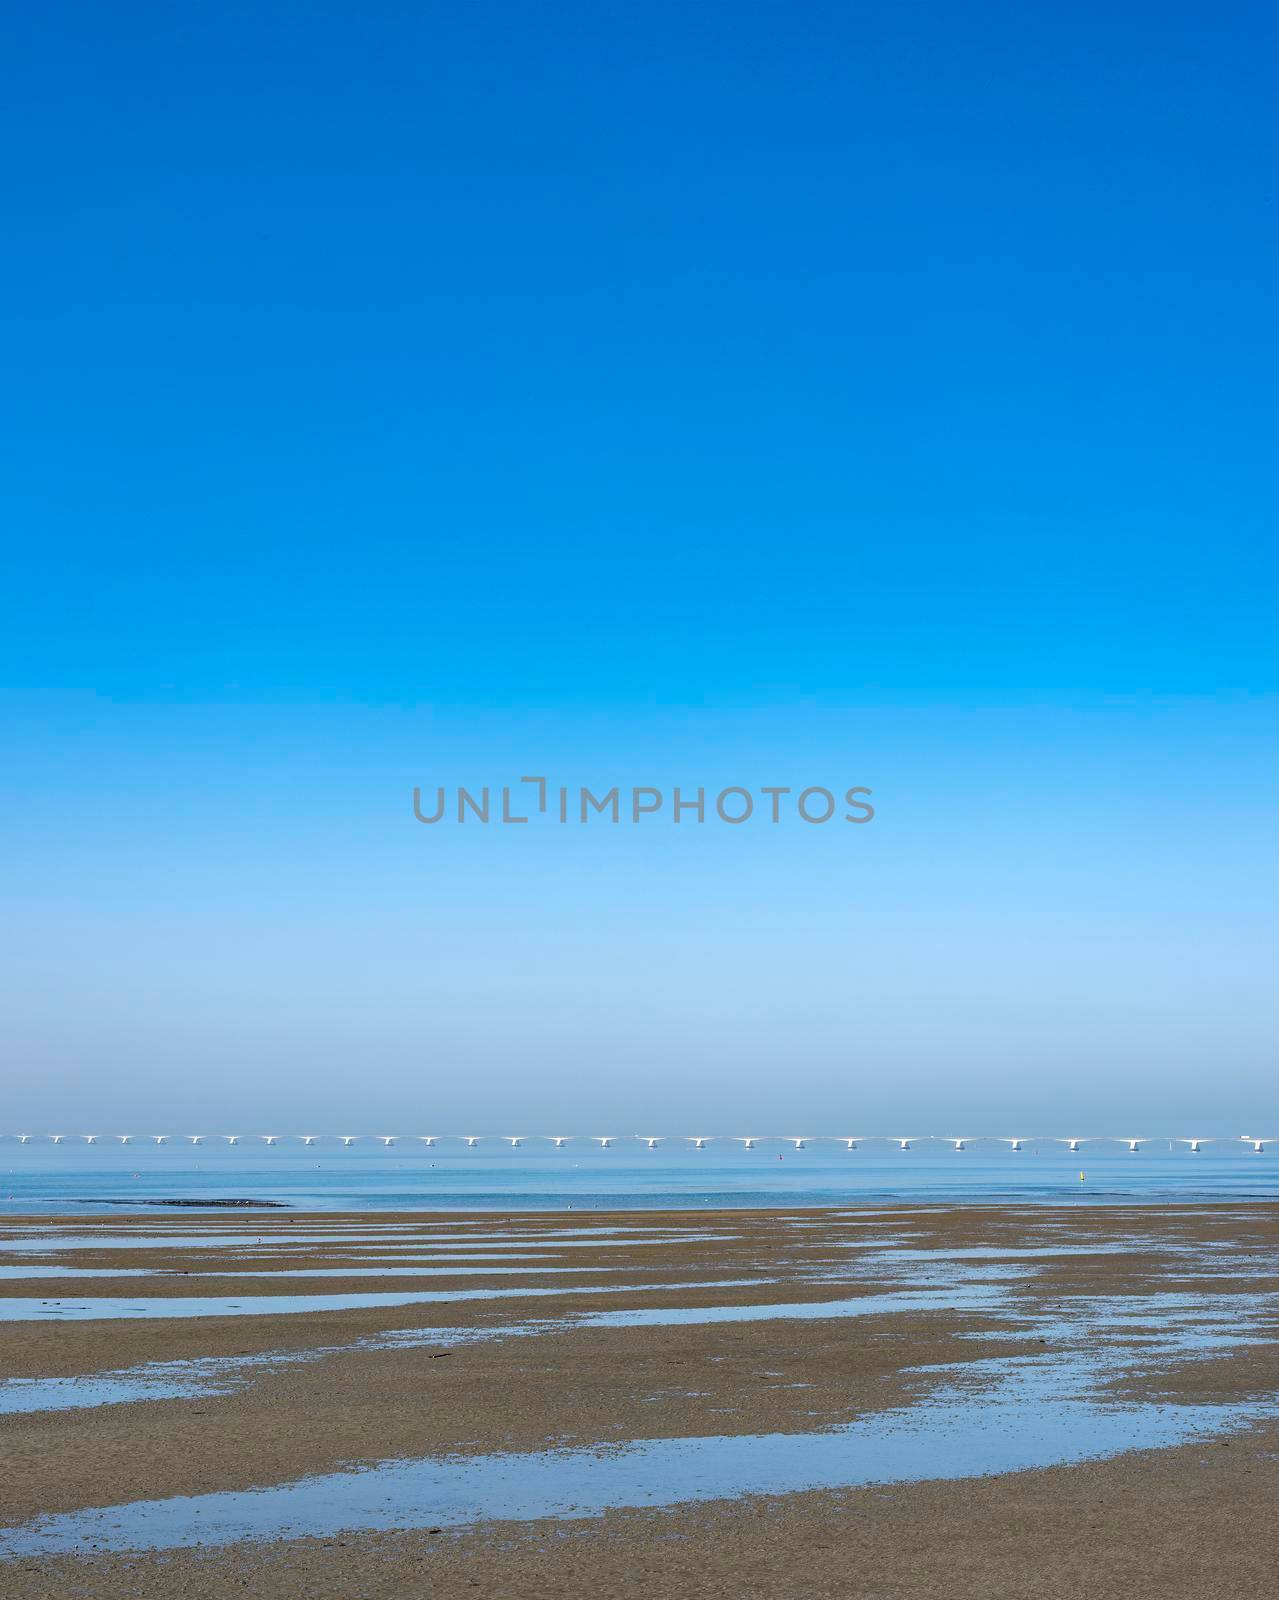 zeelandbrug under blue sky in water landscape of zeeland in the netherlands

· · · ·

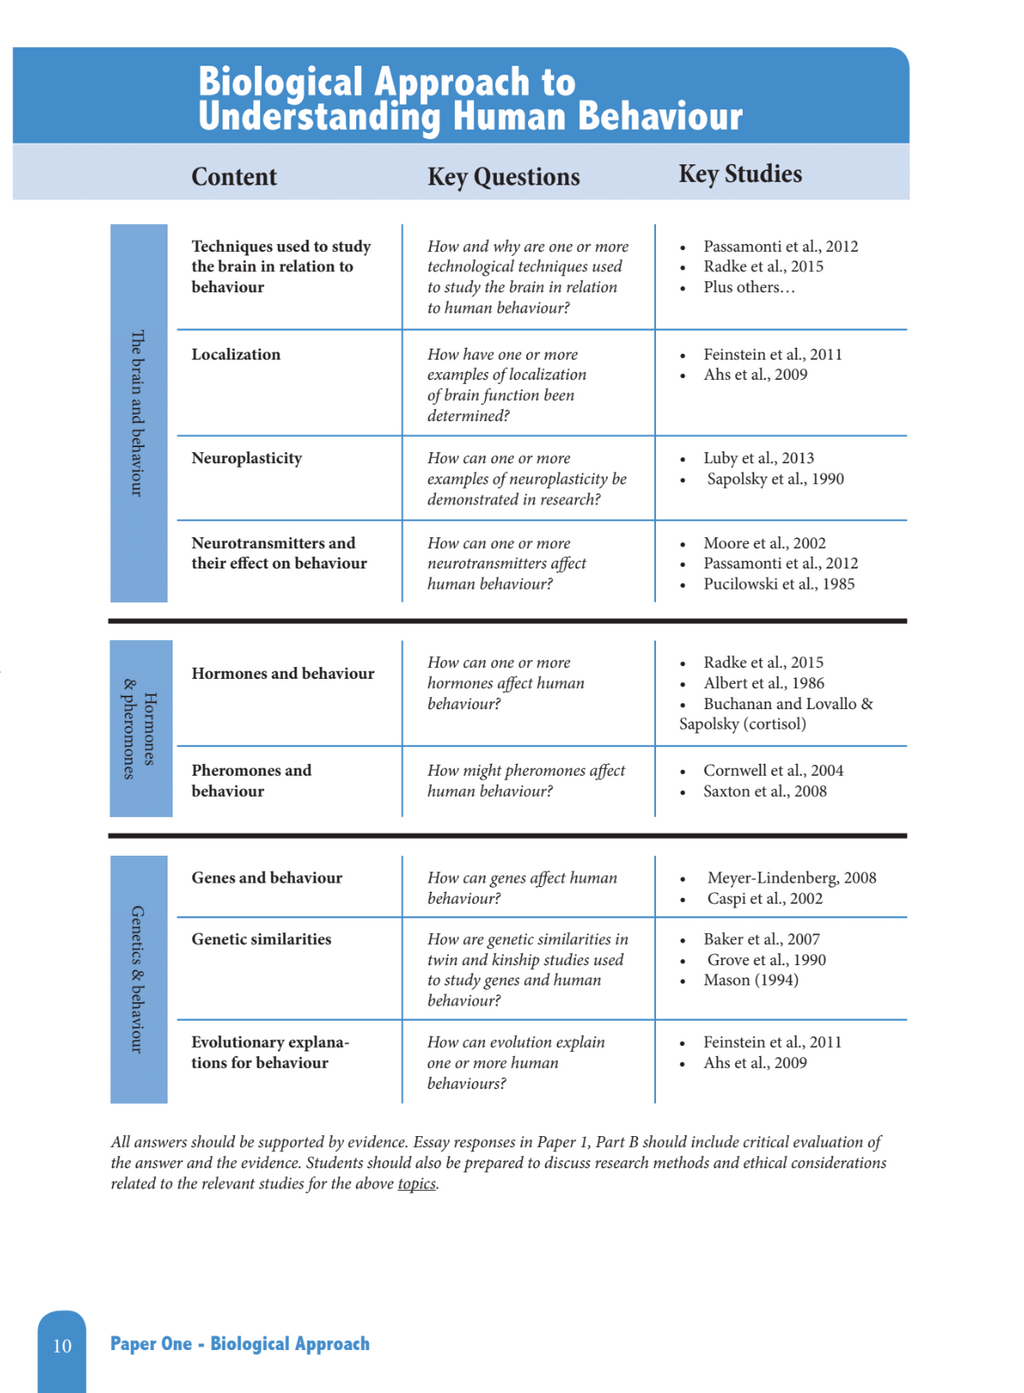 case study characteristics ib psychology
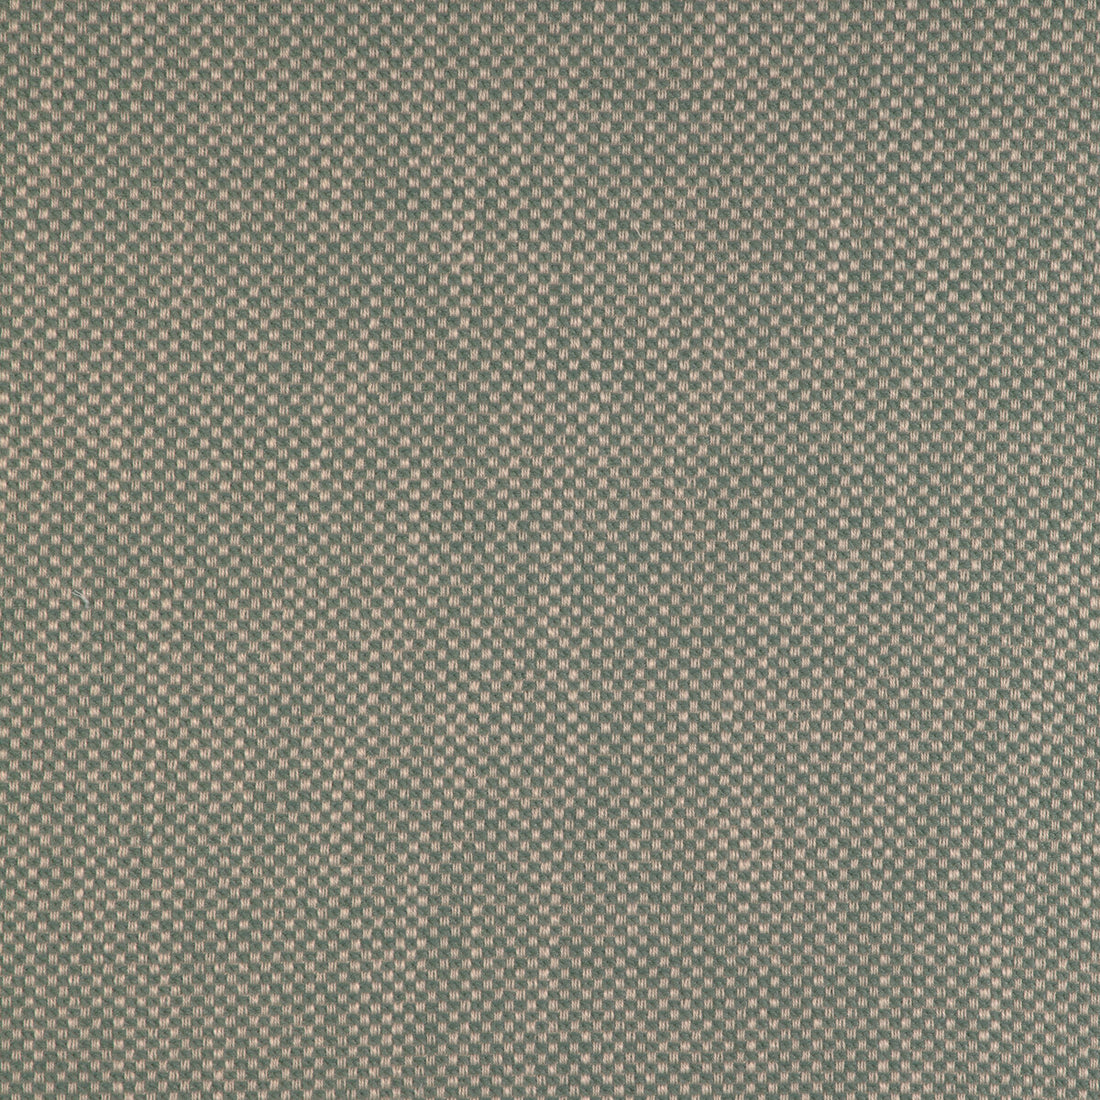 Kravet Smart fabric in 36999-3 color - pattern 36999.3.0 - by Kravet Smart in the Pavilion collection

· · · ·

▶ WHAT TO WORK ON
Beginning with the line above that contains "case study characteristics ib psychology" and finishing with the line that contains "Kravet Smart fabric", print those lines exactly and only. Skip all pictures.

▶ SOLUTION
 case study characteristics ib psychology
 Kravet Smart fabric in 36999-3 color - pattern 36999.3.0 - by Kravet Smart in the Pavilion collection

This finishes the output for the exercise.